Нет, будет ходить, мучиться, страдать…
В любви нельзя унизиться, понимаешь? Нельзя! Ты не можешь сделать ничего такого перед любимым человеком, чтобы твое достоинство пострадало. Это просто невозможно.
Красивые слова. Все равно ведь страшно…
Господи, сколько ж они меня били, эти бабы! Легко так, с улыбкой. Совершенно даже не думая унижать.
Били и били. Выбивали. Как будто я ковер какой…
Я не мог забыть Ольгу. Я ездил к ней мириться. Я даже стоял перед ней на коленях.
Боже! Это ведь был я! Прямо у нее на работе, в комнате, где она сидела, я рухнул на колени и пополз к ней. Я полз, молча и сосредоточенно, так, словно впереди была некая цель, до которой можно было только доползти.
Я видел впереди лишь ее ноги, обутые в красные туфли. Они не двигались и не переминались. Они ждали меня. Красные туфли были тем пятном, к которому стоило стремиться.
Мне казалось, я ползу очень долго – может быть, потому, что я боялся: откроется дверь, и меня кто-нибудь увидит.
Наконец я дополз.
Ноги не шевелились.
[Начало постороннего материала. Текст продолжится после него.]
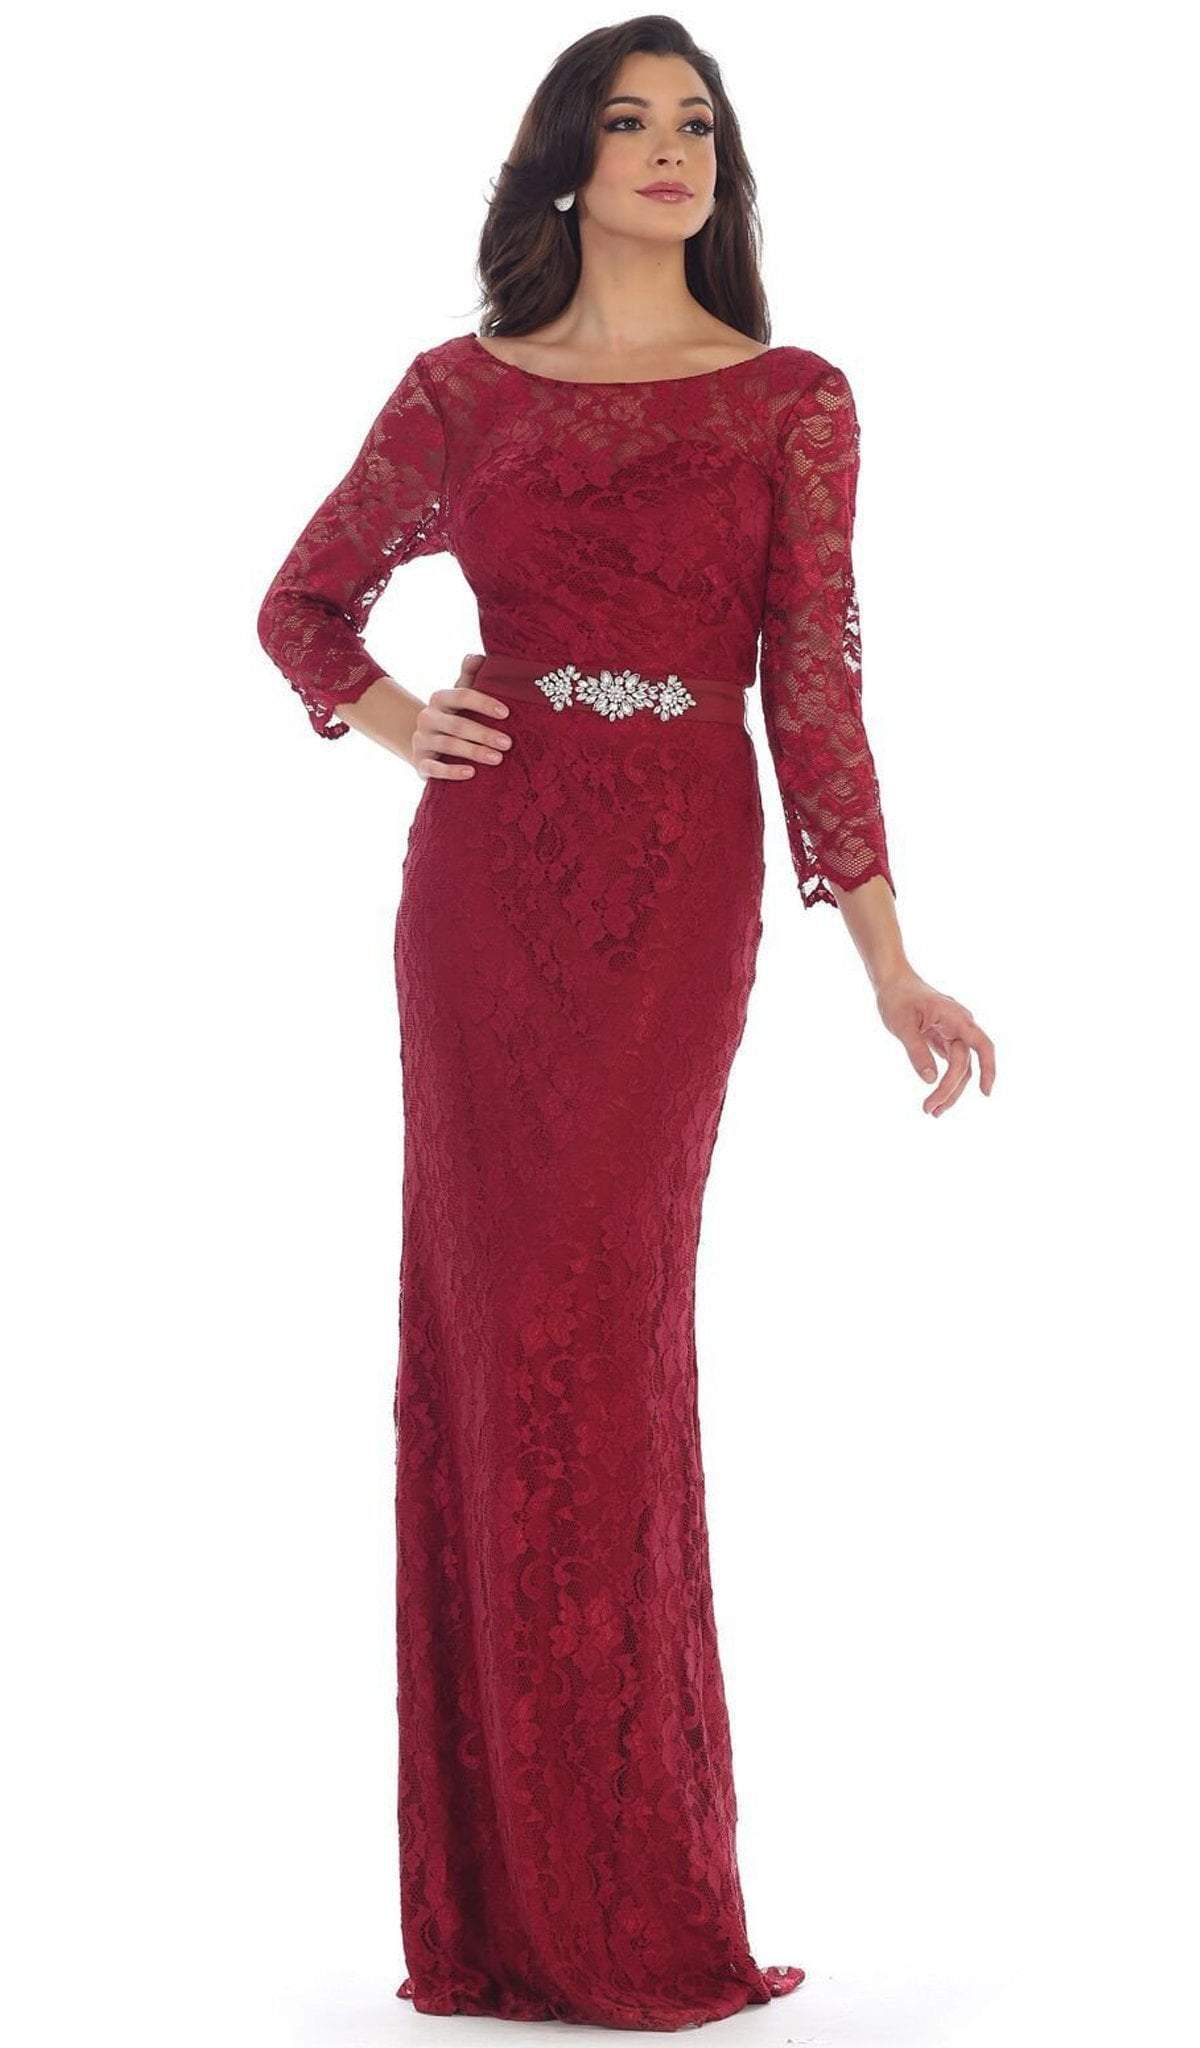 May Queen - Lace Illusion Bateau Sheath Mother of the Bride Dress

Красные туфли были прекрасны и неподвижны. Я смотрел на них так внимательно, будто хотел их загипнотизировать.
А туфли смотрели на меня. Мне казалось, они ухмыляются.
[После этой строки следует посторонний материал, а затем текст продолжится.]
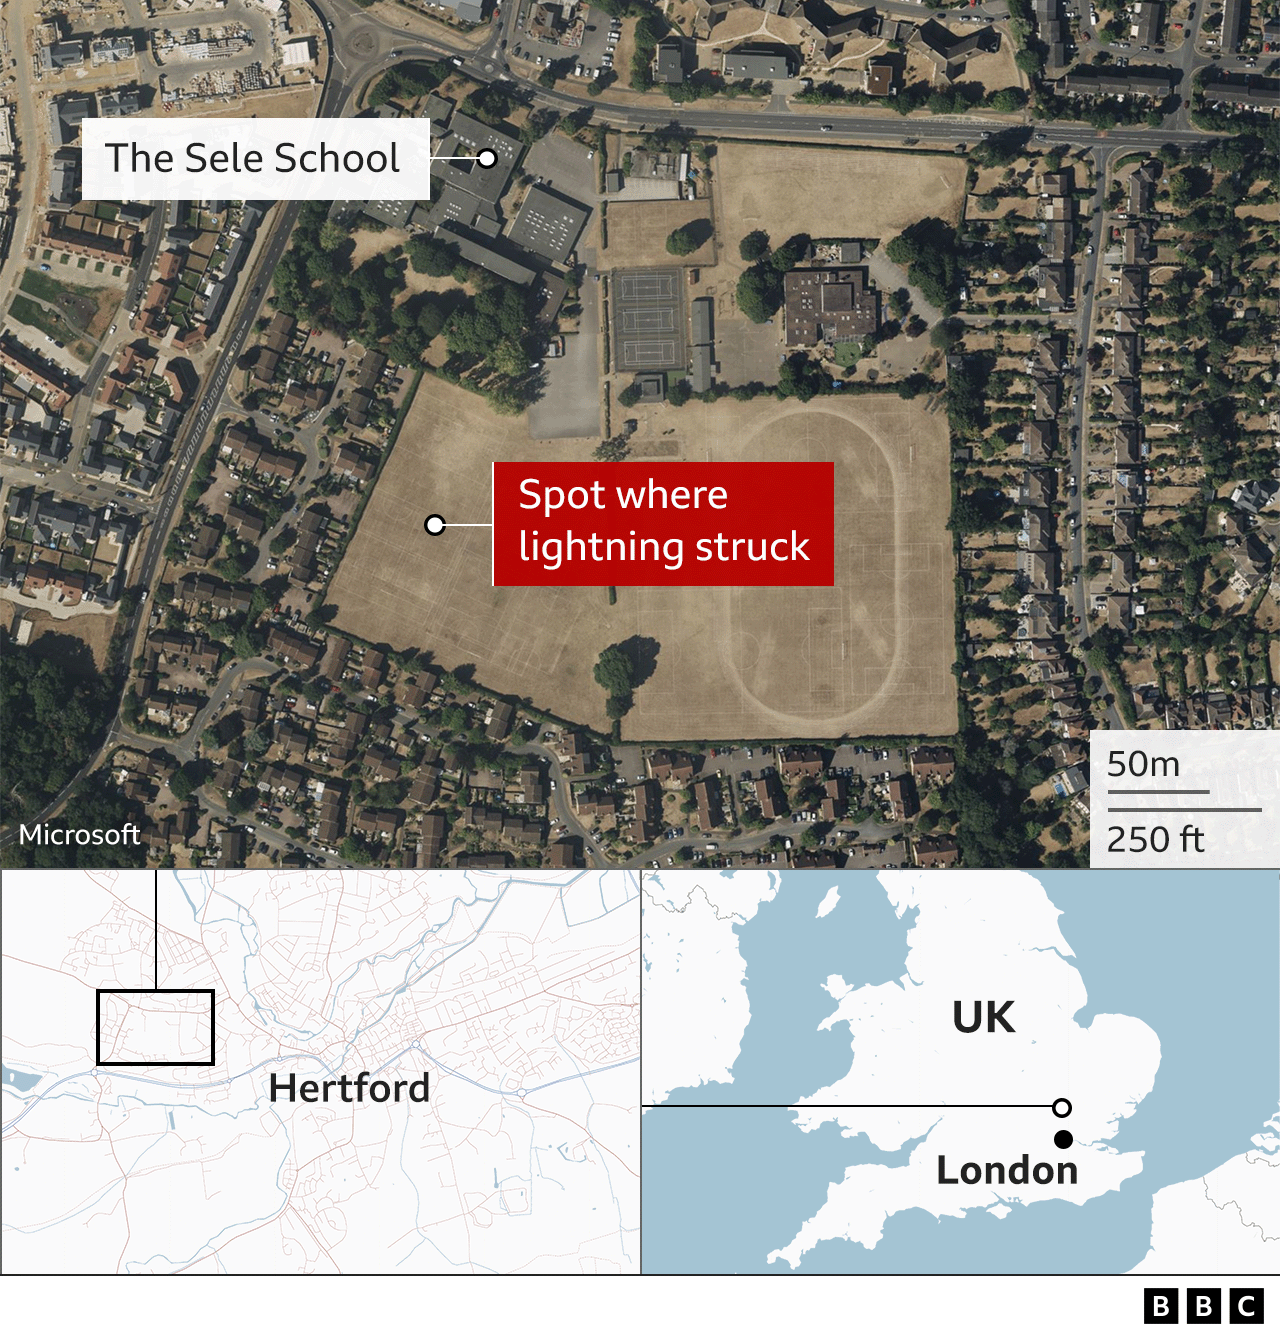 Map showing The Sele School and where the lightning struck on the playing field

Ничего не происходило. Вечность ничего не происходило. Три вечности, сто вечностей подряд не происходило ровным счетом ничего.
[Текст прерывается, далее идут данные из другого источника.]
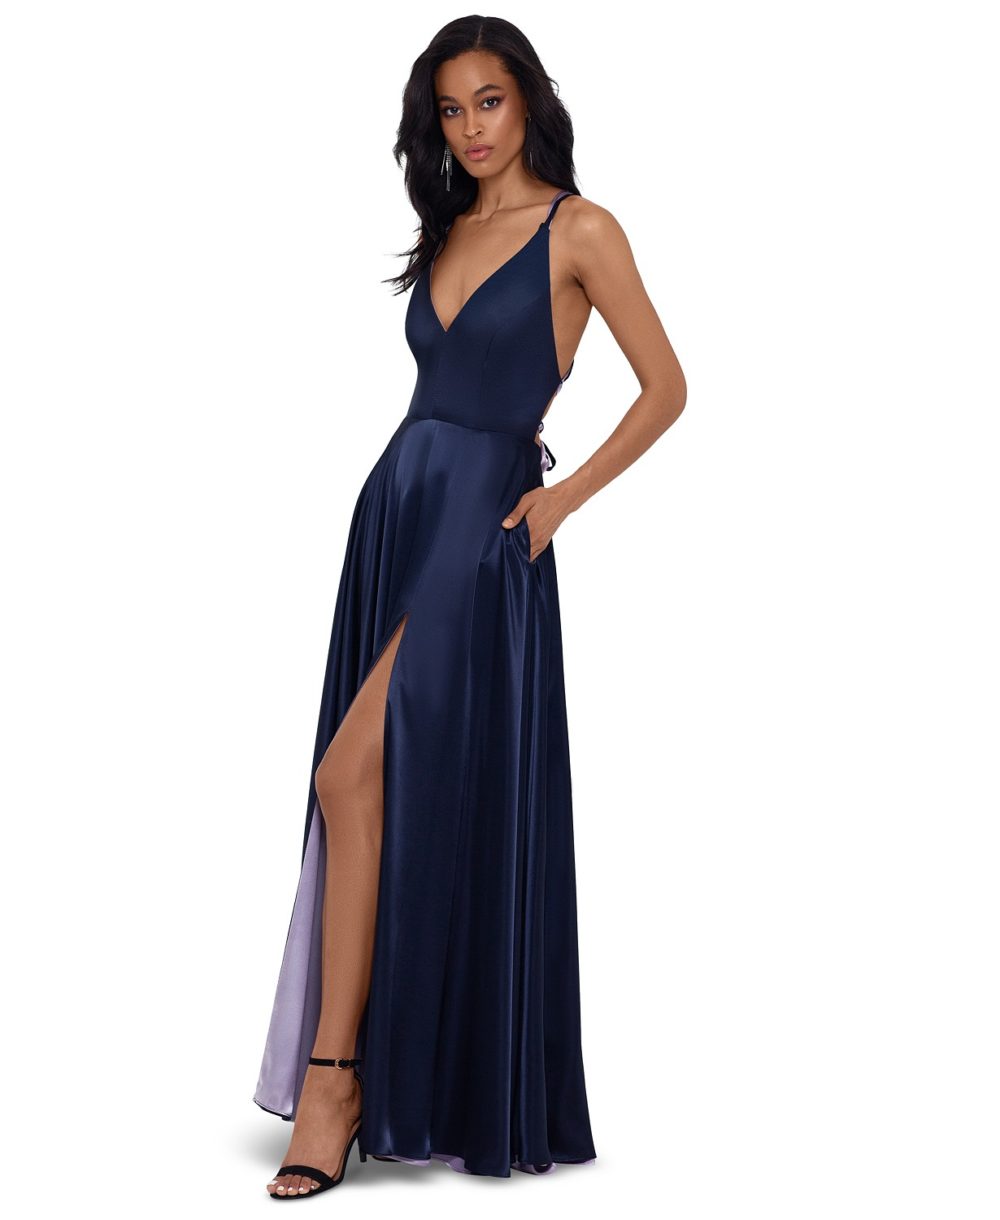 woocommerce-673321-2209615.cloudwaysapps.com-betsy-amp-adam-womens-tricolor-tie-back-satin-gown-dress

Мы с красными туфлями рассматривали друг друга.
Наконец я услышал голос:
– Вставай. Это глупо.
Это был приговор.
Если бы она… Взъерошила волосы на моей голове… А тогда еще на моей голове были волосы… Улыбнулась… Стала бы меня поднимать… Если бы она сделала что-нибудь человеческое…
Но она вынесла вердикт:
– Вставай. Это глупо.
Я встал.
Я даже не стал на нее смотреть – не очень интересно подсудимому смотреть на судью.
Я просто повернулся и ушел.
Мне захотелось поднять руку и помахать ей, чтобы было как в кино.
Но я этого не сделал.
Еще мне захотелось сказать:
– Ольга, ты дура! Ты, Ольга, последняя дура и сука!
Но я и этого не сделал.
Единственное, на что меня хватило, – не обернуться.
Потом всю свою жизнь, глядя на то, как разные мои девушки в разные мои годы надевают красные туфли, я вспоминал свое унижение.
Оно никуда не делось, это унижение. Оно не растворилось в прожитых годах, не излечилось теми ситуациями, когда унижал я, оно не исчезло за дымкой всяких любовных историй… Оно стало основой меня – унижение первой любовью.
Унижение стало основой. Ну и что на таком фундаменте можно было построить?
Первое, что я сделал после приговора, – попытался забыть эту историю. Как минимум красные туфли, как максимум Ольгу и все, что с ней связано.
И что? И ничего…
Невозможно забыть то, что невозможно забыть.
Первая любовь – это никакие не уроки. Первая любовь – это фундамент всех будущих отношений.
Здравствуй, дедушка Фрейд!
«Помните свою первую любовь? И как оно было? Хреново. Понимаю. Вот эту хреновость вы по жизни и понесете. В добрый путь!»
А потом появилась Катя. Точнее, мне показалось, что она появилась.
Одиночество – это время одиноких ночей.
Телефон – это верный страж одиночества.
И ведь она знает, что не могу без нее. Знает.
И пользуется этим.
Они всегда так делают. Они – ответственные за жизнь на планете – все чувствуют и радостно этим пользуются.
И так всю жизнь.
Как же надоело!
Уже полтинник пробил. Дети есть и деньги есть. И опыт есть. И одышка есть. И «молодым человеком» уже никто больше не назовет никогда.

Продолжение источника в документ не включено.